Como disse Ailton Krenak, o homem branco se viu como um iluminado,


dotado da sabedoria necessária para viver nesse mundo da forma correta, enquanto
tudo que estivesse fora dessa luz, uma escuridão, fosse algo perdido a espera de
sua salvação. A desconstrução dessa narrativa com a chegada de indígenas em
lugares antes não ocupados por eles, permitiu que a história fosse finalmente
contato sob a perspectiva daqueles que viviam nessa terra estrangeira quando as
caravelas de Cabral atracaram nesse solo.
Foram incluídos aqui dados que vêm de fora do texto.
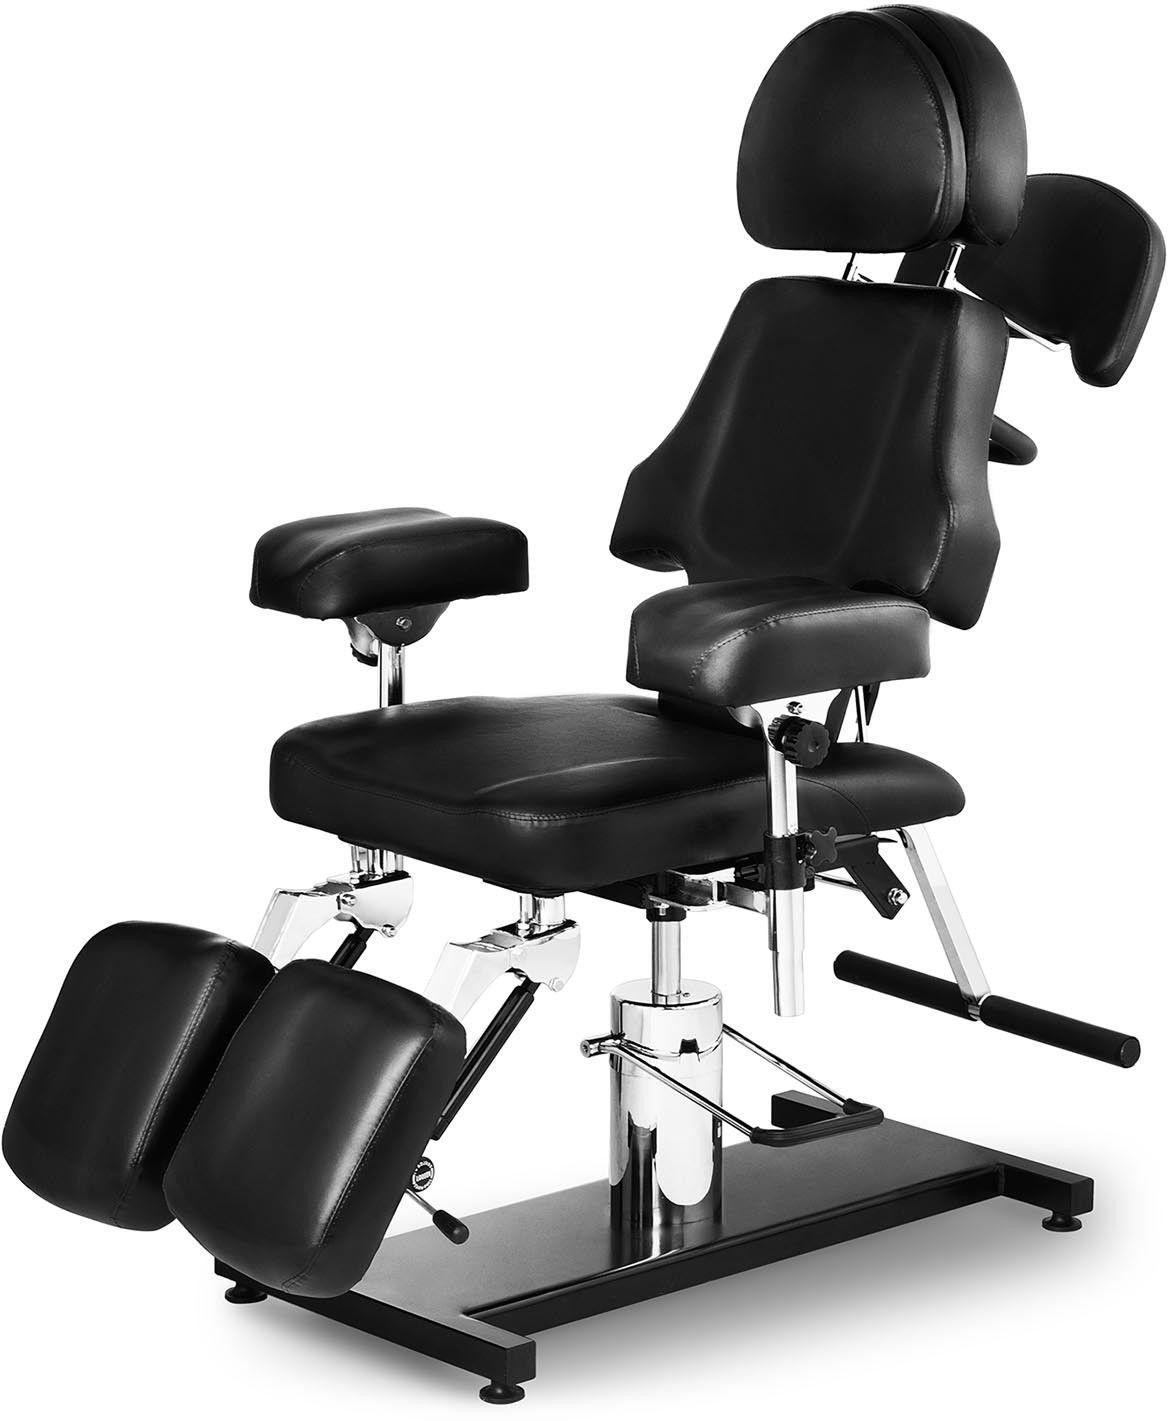 Fotel do tatuażu Dallas - czarny - physa - PHYSA DALLAS BLACK - 3 lata gwarancji/wysyłka w 24h

É importante ressaltar também outra característica interessantíssima da


literatura indígena que é a atemporalidade e mutabilidade. A concepção de
passado, presente e futuro, marcante na visão ocidental, é diferente na cosmovisão
indígena, já que essas histórias estão vivas no imaginário do povo e estão em
constante transformação. No momento em que são contadas elas estão presentes,
torna-se, portanto, uma literatura elástica, sujeita a mudanças de acordo com o
contator que as conta, com o contexto históricos e com todo o cenário que pode
influenciar na contação daquela história. O processo narrativo da tradição oral está
relacionado à repetição e como resultado dessas repetições temos a reinvenção. A
literatura vira uma cadeia de vozes e histórias mutáveis, nada está preso a um livro,
ela depende das pessoas que contam e as vivenciam.